### Exercise directions
Omitting all images, transcribe the listing word for word.

### Data

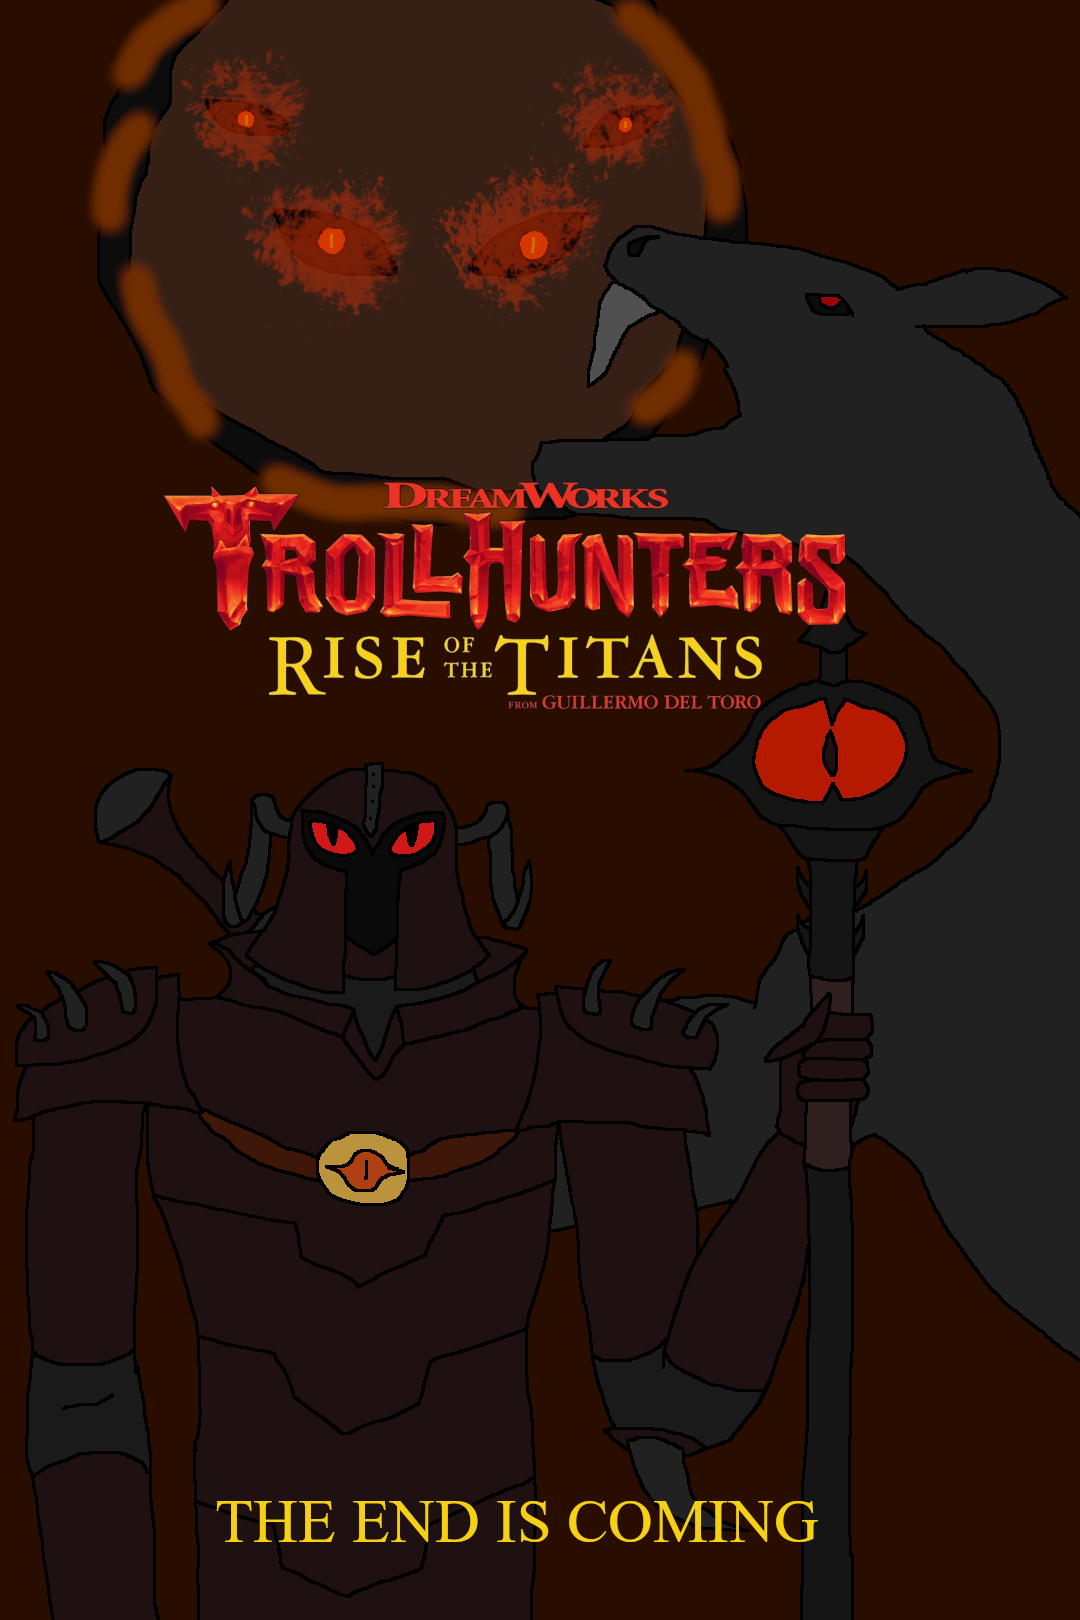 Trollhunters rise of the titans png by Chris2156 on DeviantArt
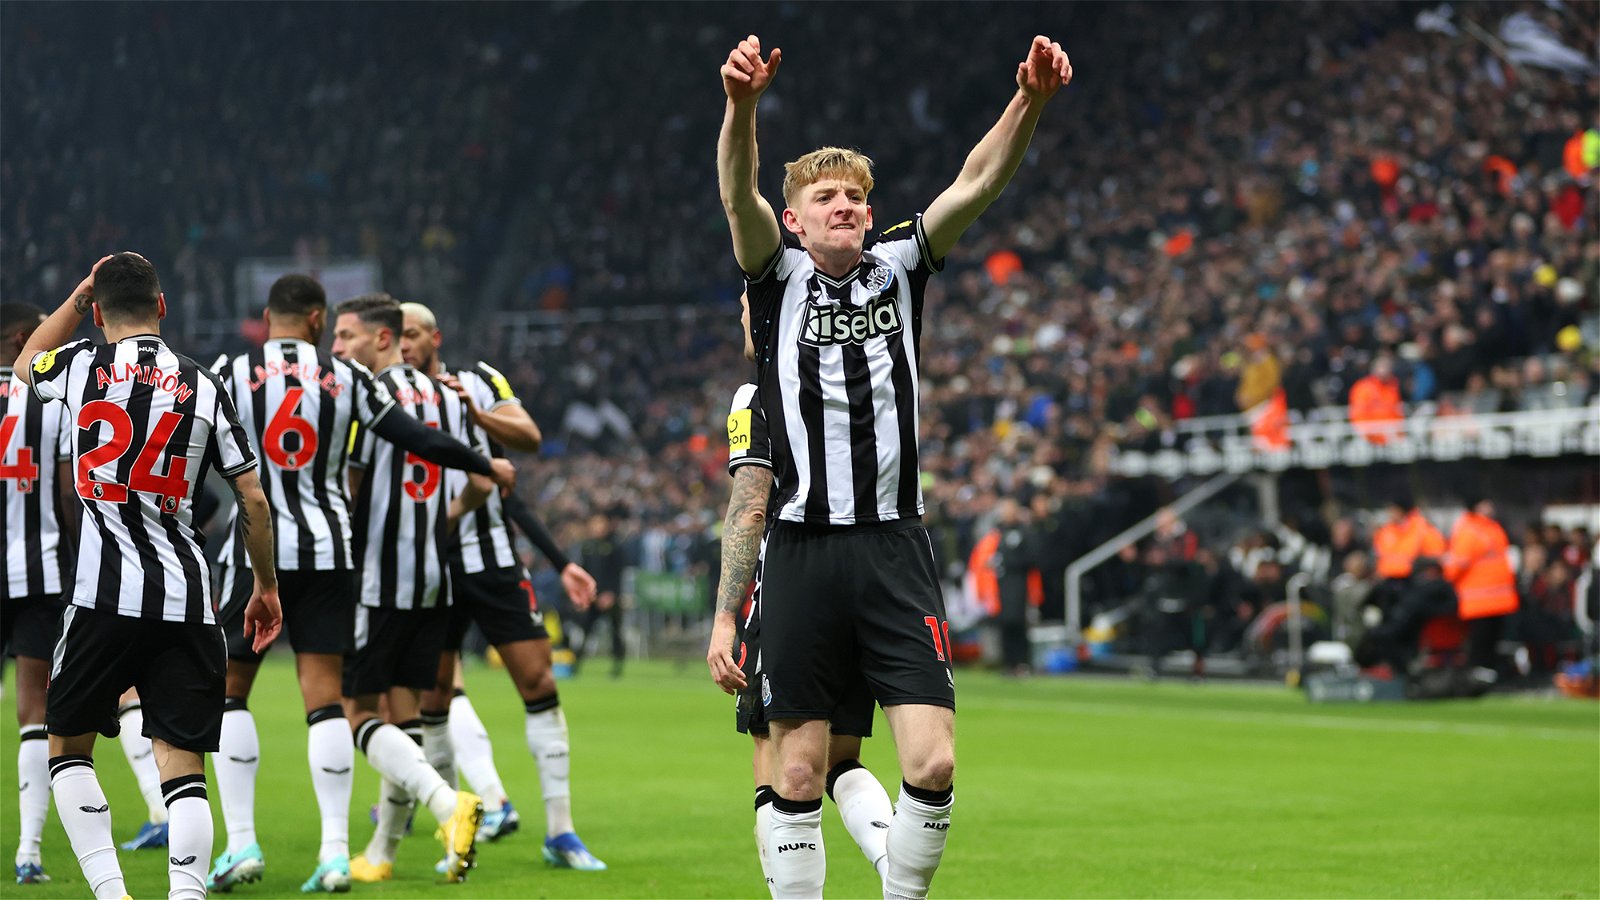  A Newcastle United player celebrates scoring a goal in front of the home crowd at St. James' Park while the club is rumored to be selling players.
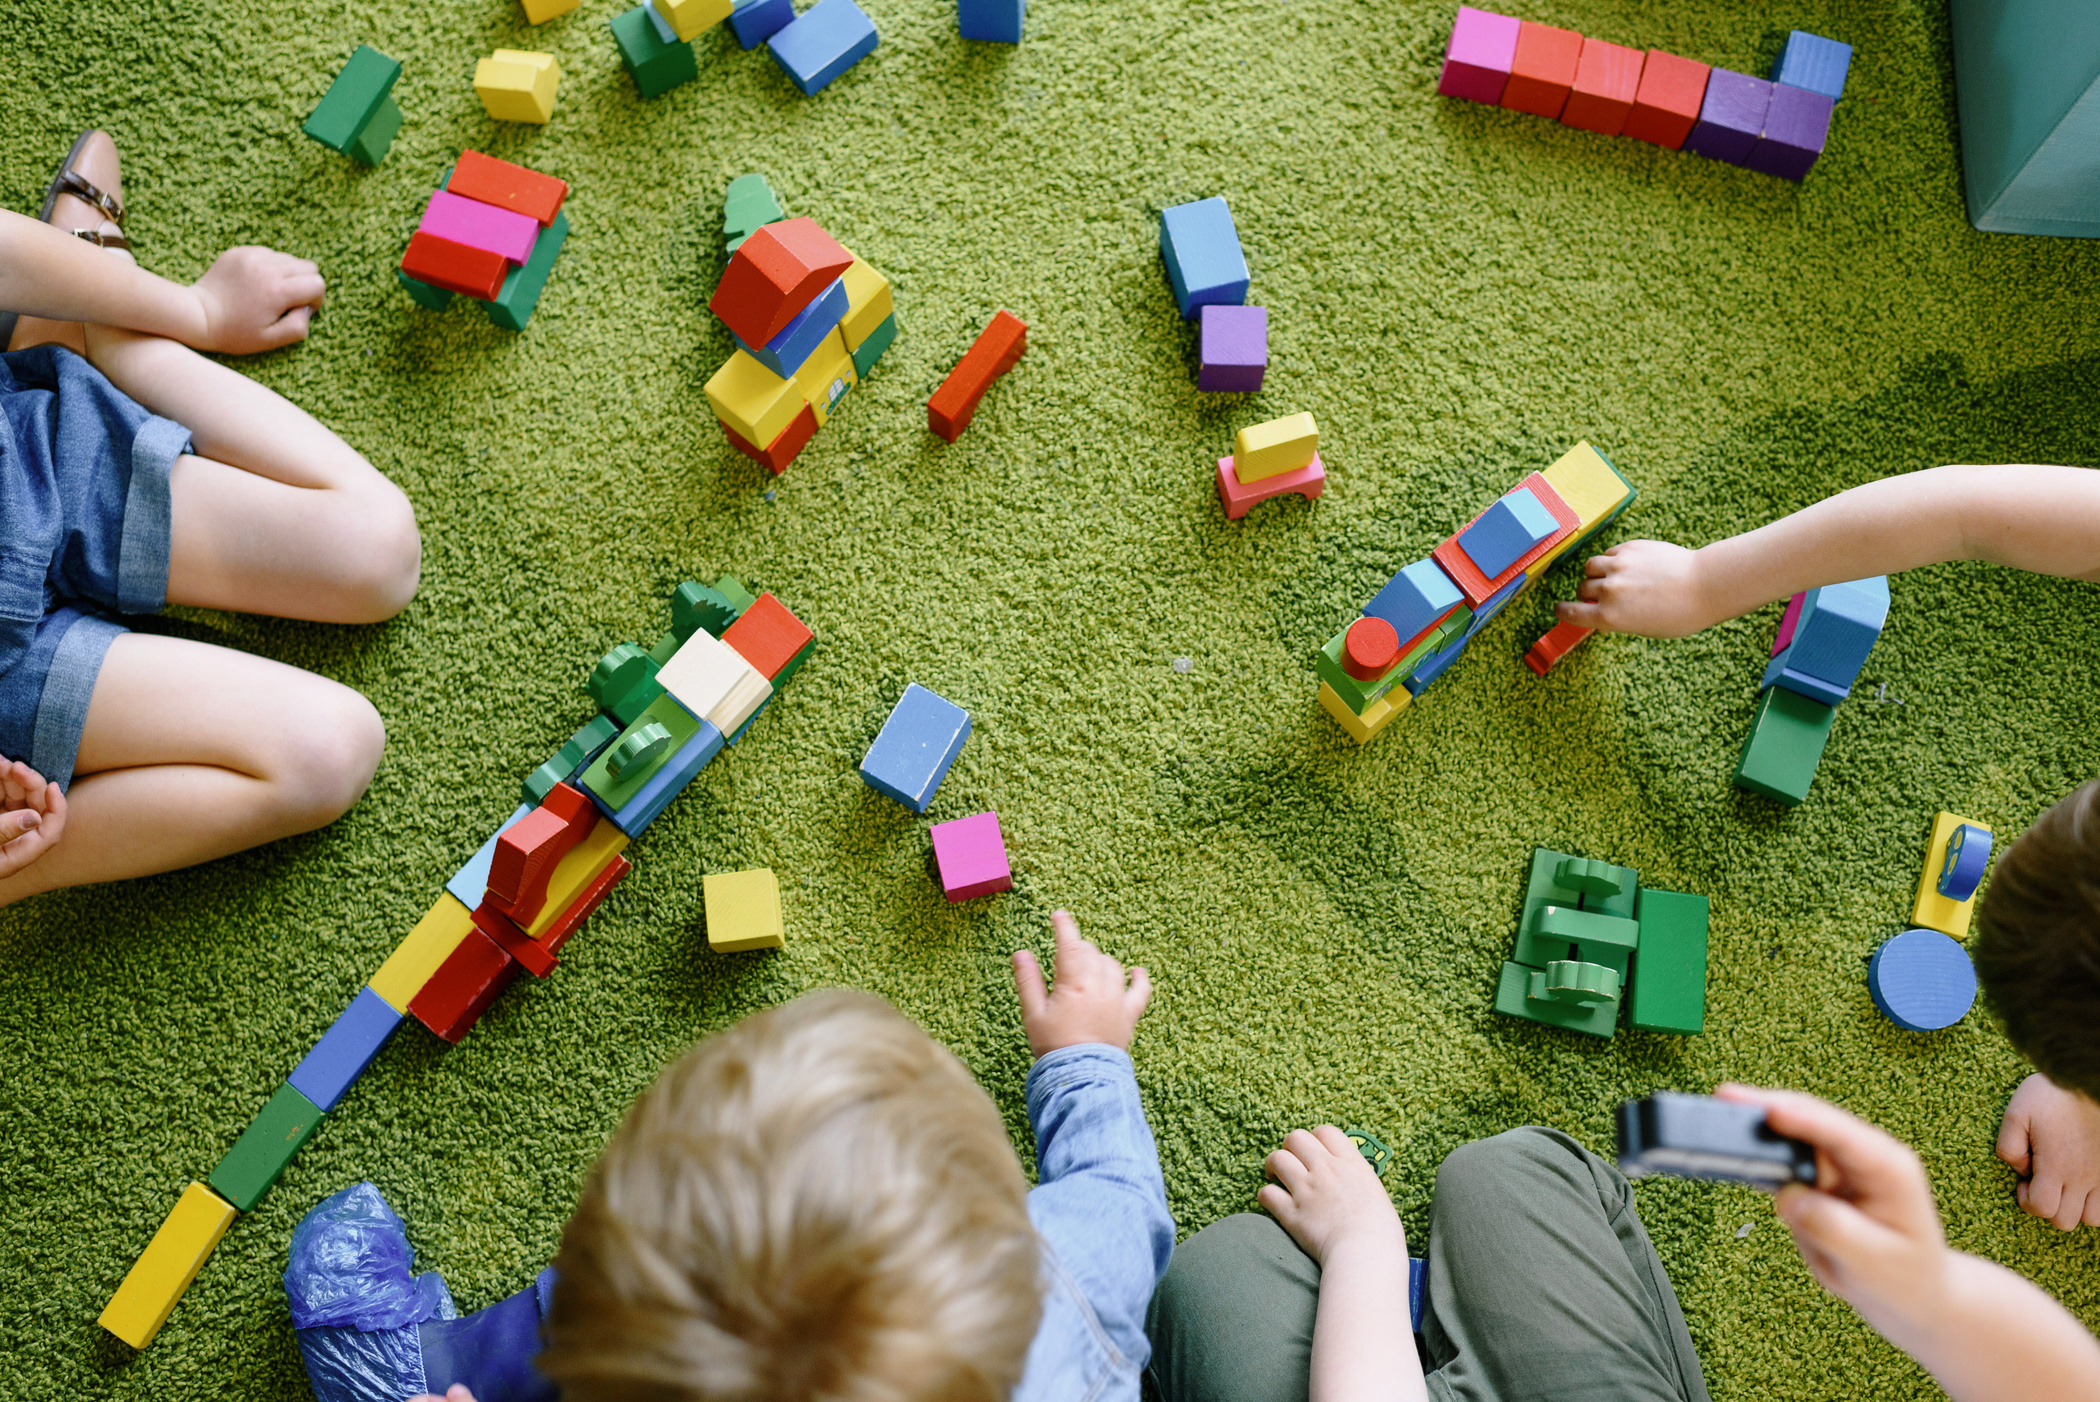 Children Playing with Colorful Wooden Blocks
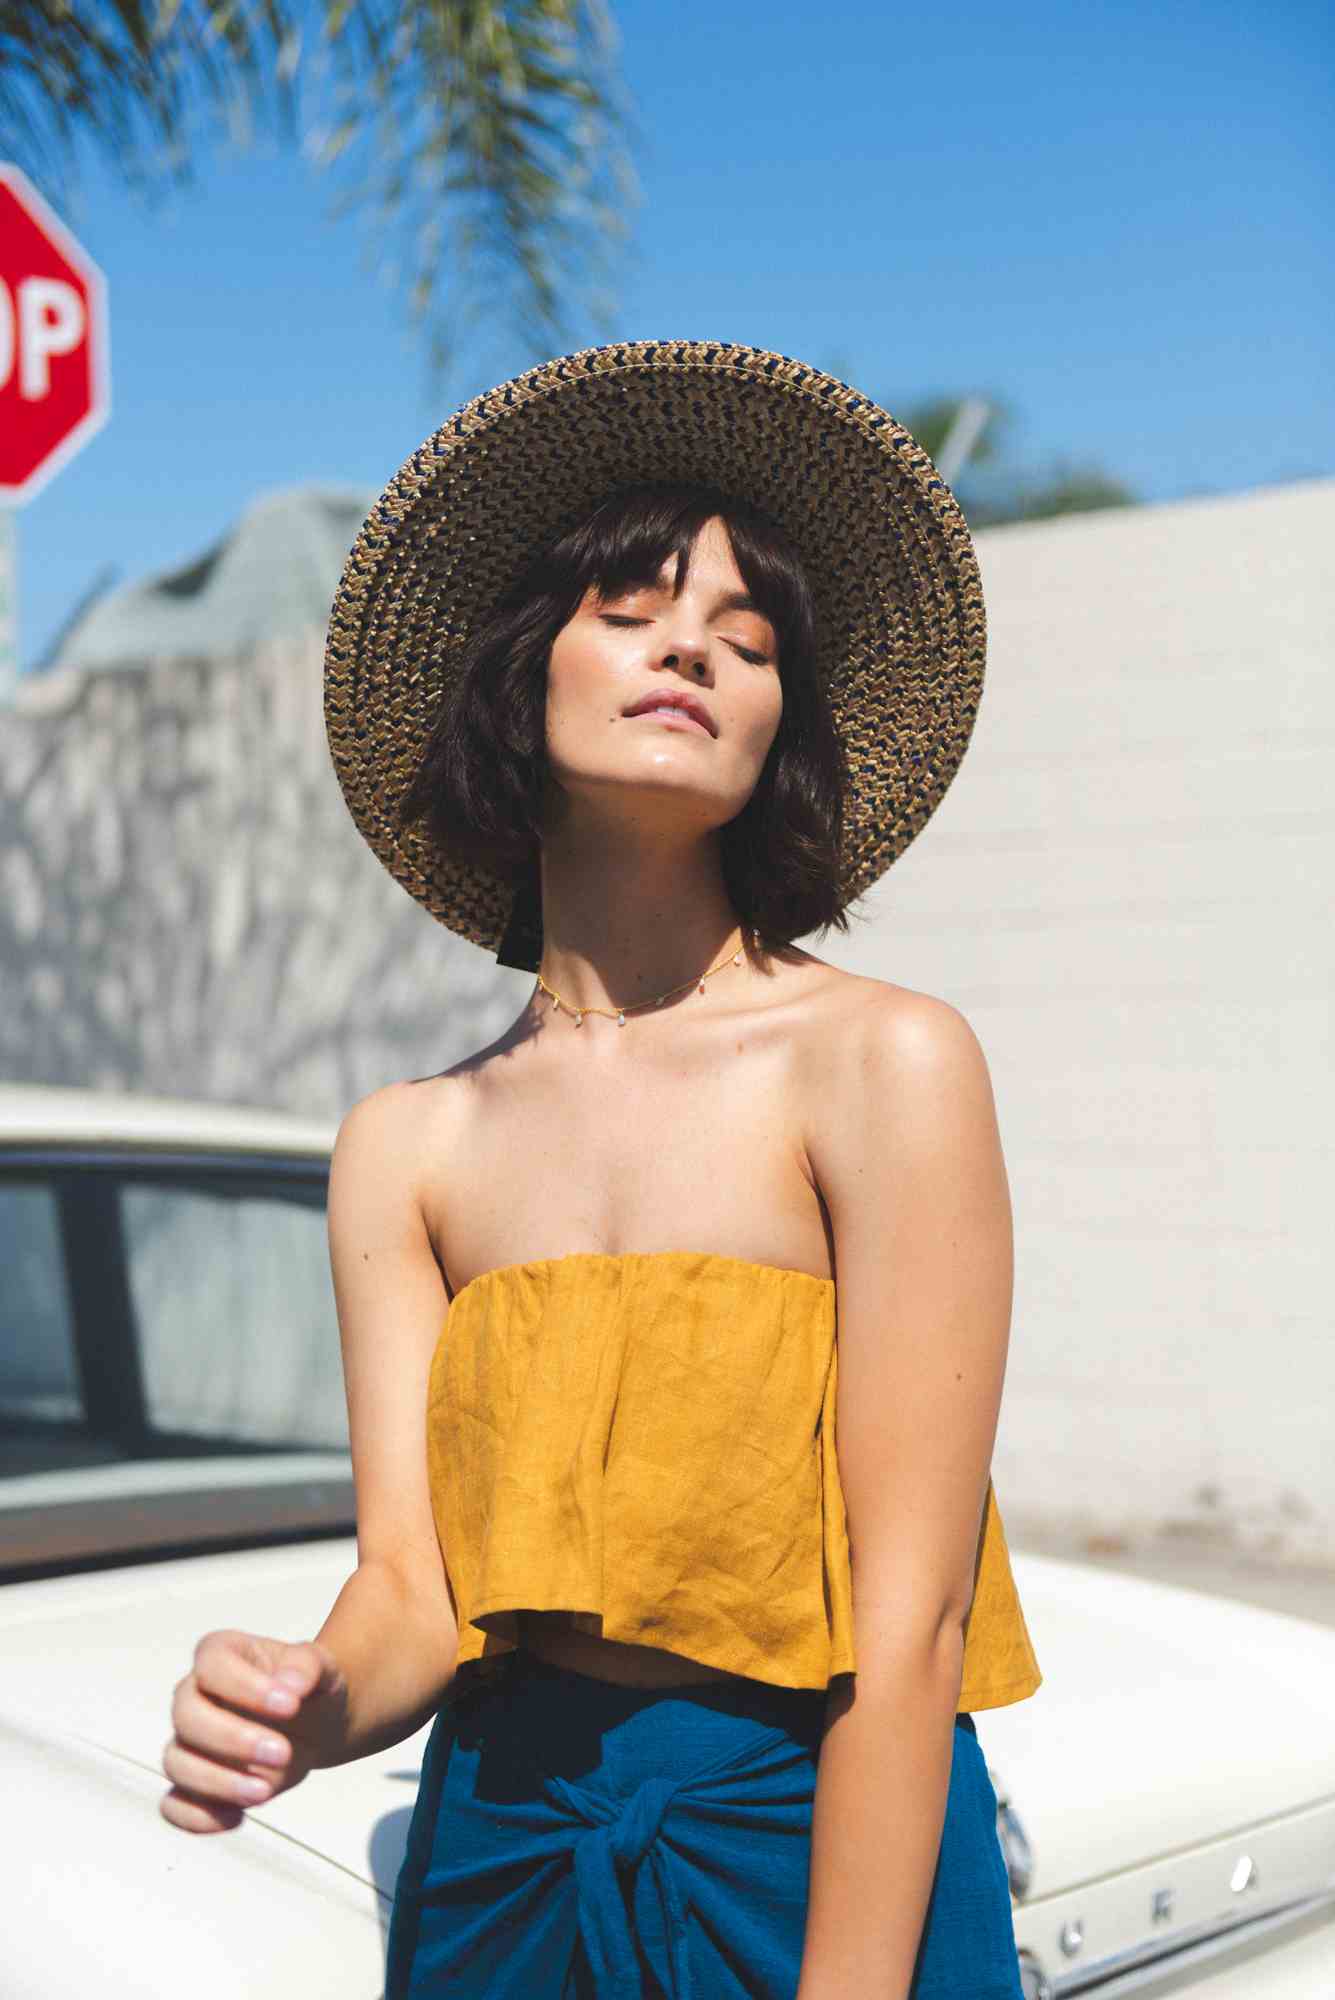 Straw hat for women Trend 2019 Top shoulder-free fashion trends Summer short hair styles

### Exercise response
 Trollhunters rise of the titans png by Chris2156 on DeviantArt
  A Newcastle United player celebrates scoring a goal in front of the home crowd at St. James' Park while the club is rumored to be selling players.
 Children Playing with Colorful Wooden Blocks
 Straw hat for women Trend 2019 Top shoulder-free fashion trends Summer short hair styles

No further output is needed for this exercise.